The webservers utilized provided realistic folding free energy change values. However, the agreement with the experiment was about 50% for best performing servers. On the other hand, the FEP method, particularly when it includes sufficiently long sampling, is expected to reproduce the experimental values with better accuracy. However, the results from longer FEP simulations (20 ns) were not only in less agreement with the experiment but also were unrealistically high particularly for mutations that involve charged residues. Our second strategy, where we used short FEP simulations on pre-sampled protein conformations improved its performance for nearly all mutations. However, the same problem with the charged residues persists. More in depth studies on improving the application of FEP on calculations of folding free energy changes upon single point mutations are underway in our group.
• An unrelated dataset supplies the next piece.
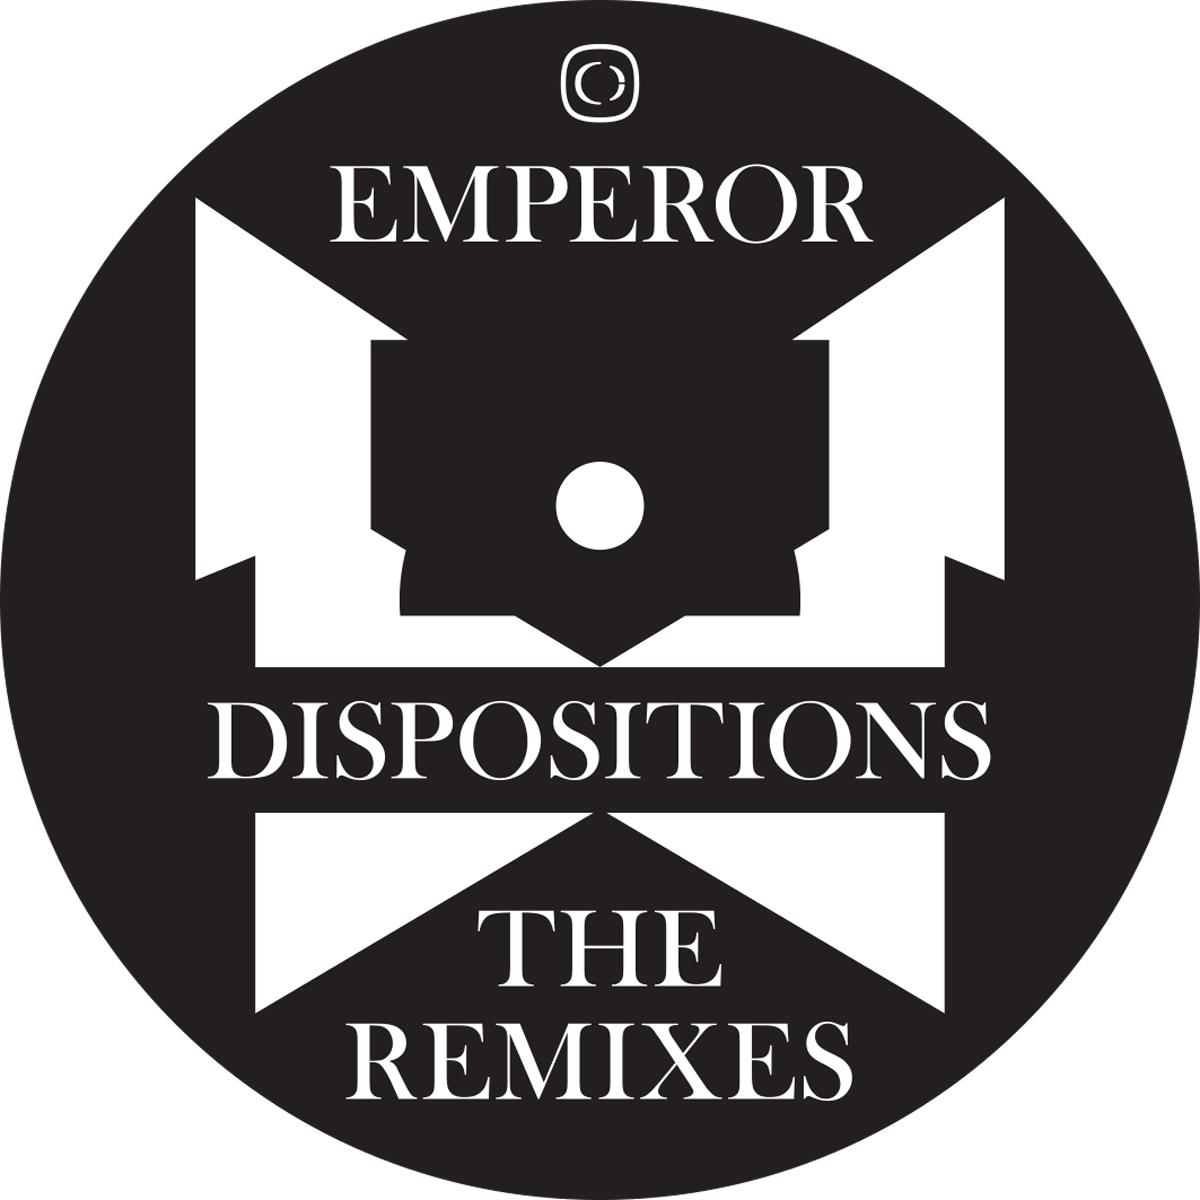 Emperor/DISPOSITIONS: THE REMIXES 12"

Understanding the impact of mutations on folding free energy change is an important step toward deciphering the molecular mechanism of RTT and other diseases. It is reasonable to assume that the mechanism of RTT caused by single point mutations in MBD (DNA binding domain) is largely related to either the mutation-induced stability changes or the changes in its binding affinity to DNA, which is also currently under investigation in our group. However, the overall MeCP2 function may also be affected by factors such as folding of the rest of the protein and its interactions with other proteins as well as post translational modifications. Further studies aiming to link these stability changes to functional consequences are needed as understanding the interplay between protein stability and function is crucial not only in understanding the causes of RTT and other diseases, and relevant therapeutic applications but also in protein design and applied protein science.